Speaking of XP Prefetch, when a user (any user) on the system launches a "new" application, a Prefetch file may be created for that application (assuming the 128 Prefetch file limit hasn't been reached). On my system, I have 104 .pf files, ranging in size from 8K to over 100K. Again, sectors are consumed.

As discussed in the Registry Analysis chapter of my book, there are a number of places within the Registry where a user's actions are recorded in some manner. New entries are added to the Registry, increasing the size of the files...not just the user's NTUSER.DAT file, but some actions will added entries to the HKLM hives, as well.

Of course, there are also a number of Registry settings that will have an effect on the examiner's analysis; these are addressed in detail in my book. While these aren't specific to XP, they do have a decidedly anti-forensic effect.

I mention these things because many times an examiner may be looking for evidence of a deleted file, carving unallocated space looking for a keyword or a file header, and come up empty. Remember Harlan's Corollary? ;-) Funny how there just seem to be more and more ways to apply that corollary...

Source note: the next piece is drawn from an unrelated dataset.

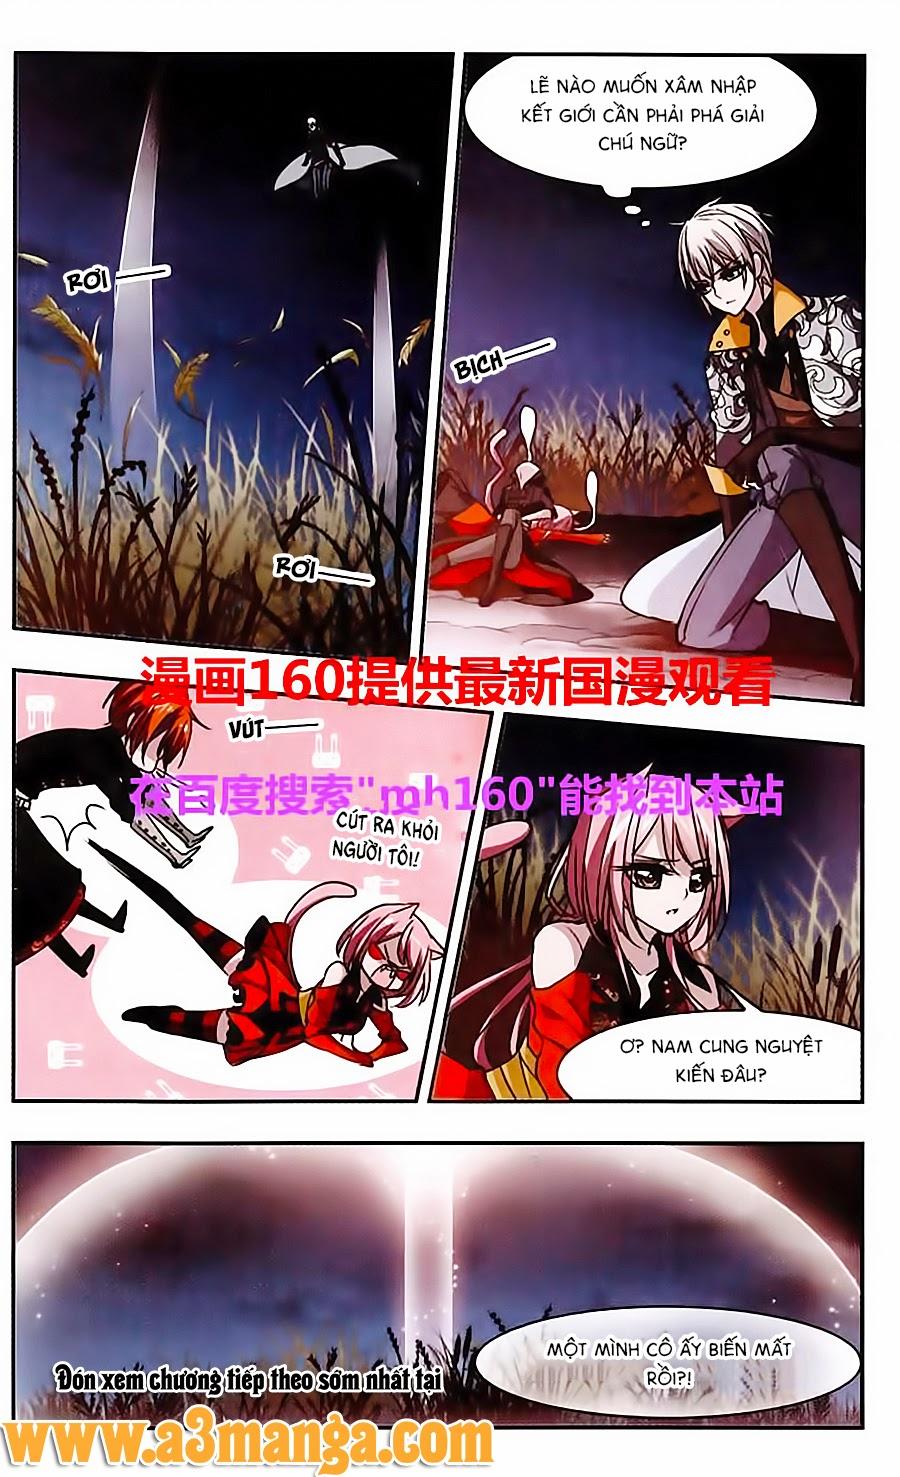 a3manga.com huyết tộc cấm vực chap 44

Sites discussing anti-forensics aren't hard to find:
The MetaSploit AntiForensics Site
Ed Skoudis is quoted on antiforensics in 2003
Marcus K. Rogers' presentation
Ryan Harris' DFRWS paper


Anonymous said...

Harlan - have you read this article on anti-forensics?

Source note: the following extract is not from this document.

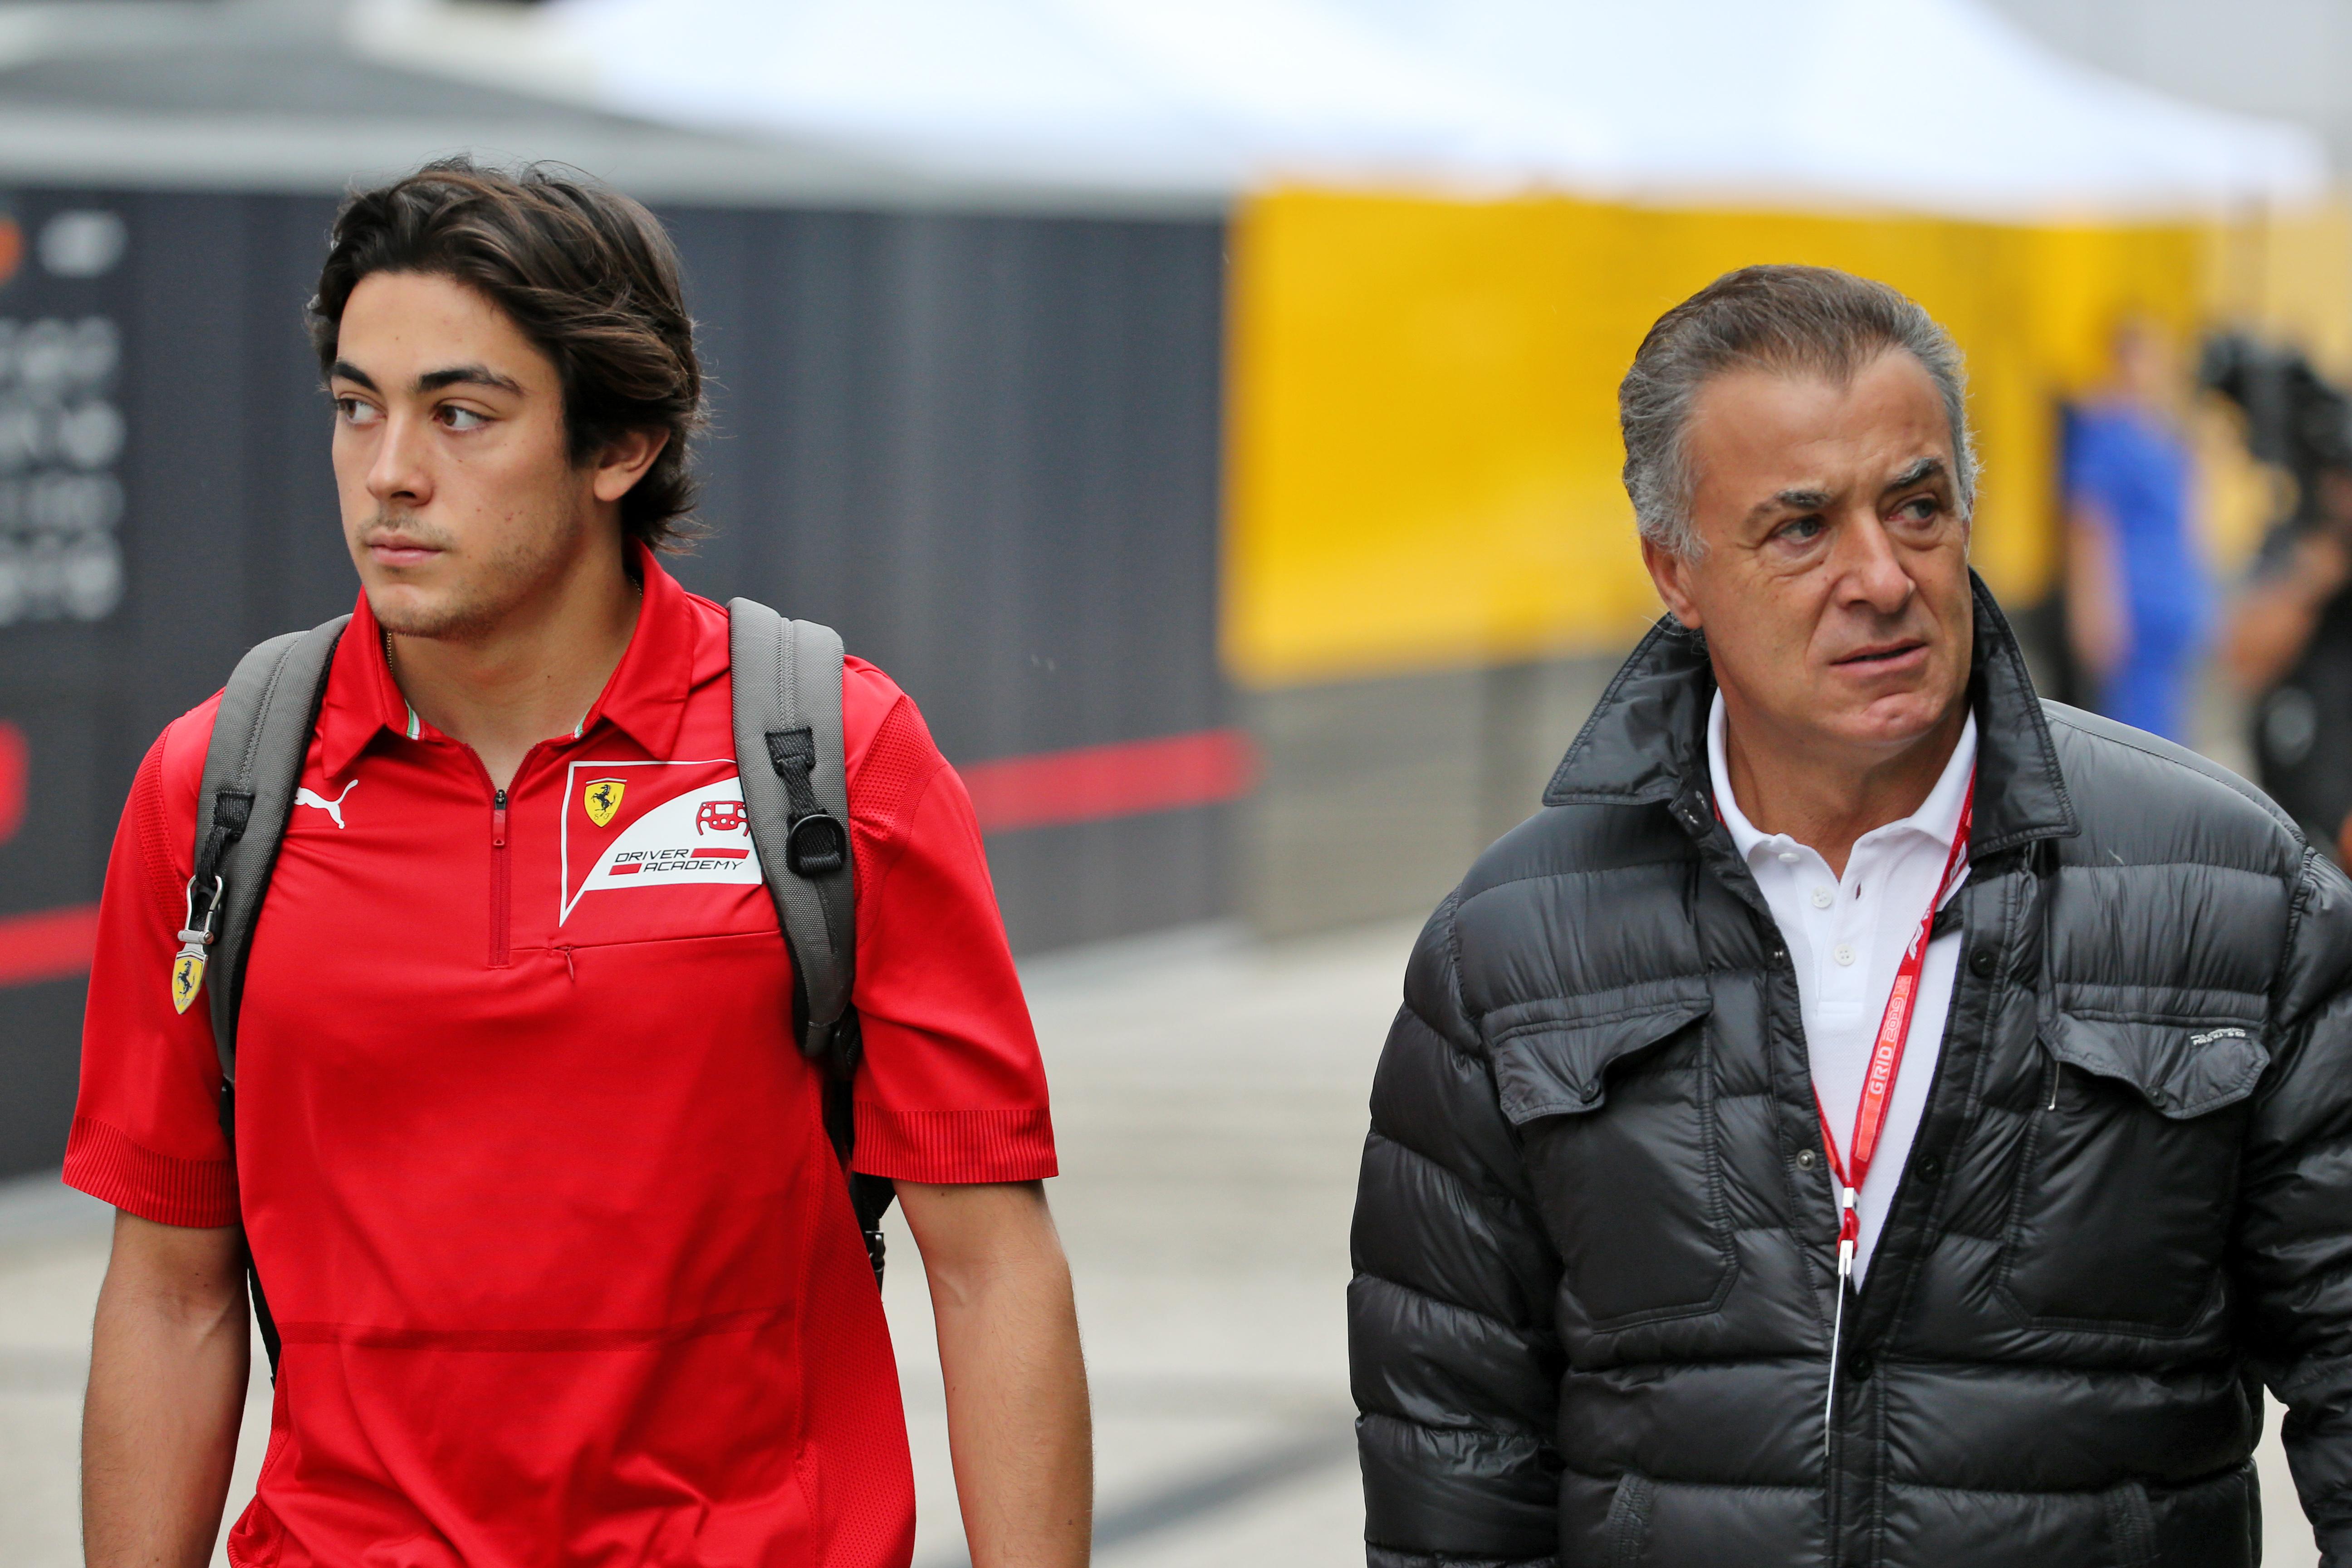 Jean Alesi Giuliano Alesi F1 Ferrari F2 2020

It touches on some different tools and techniques than you described, and how the tools are advancing to script-kiddie ease of use. I found it interesting.


H. Carvey said...


First, thanks for posting and "signing" your post.

Yes, I saw that article this morning and have been reading concerns me, in that there are irresponsible comments regarding an investigation.

Also, you cannot say something doesn't work if you never used it properly.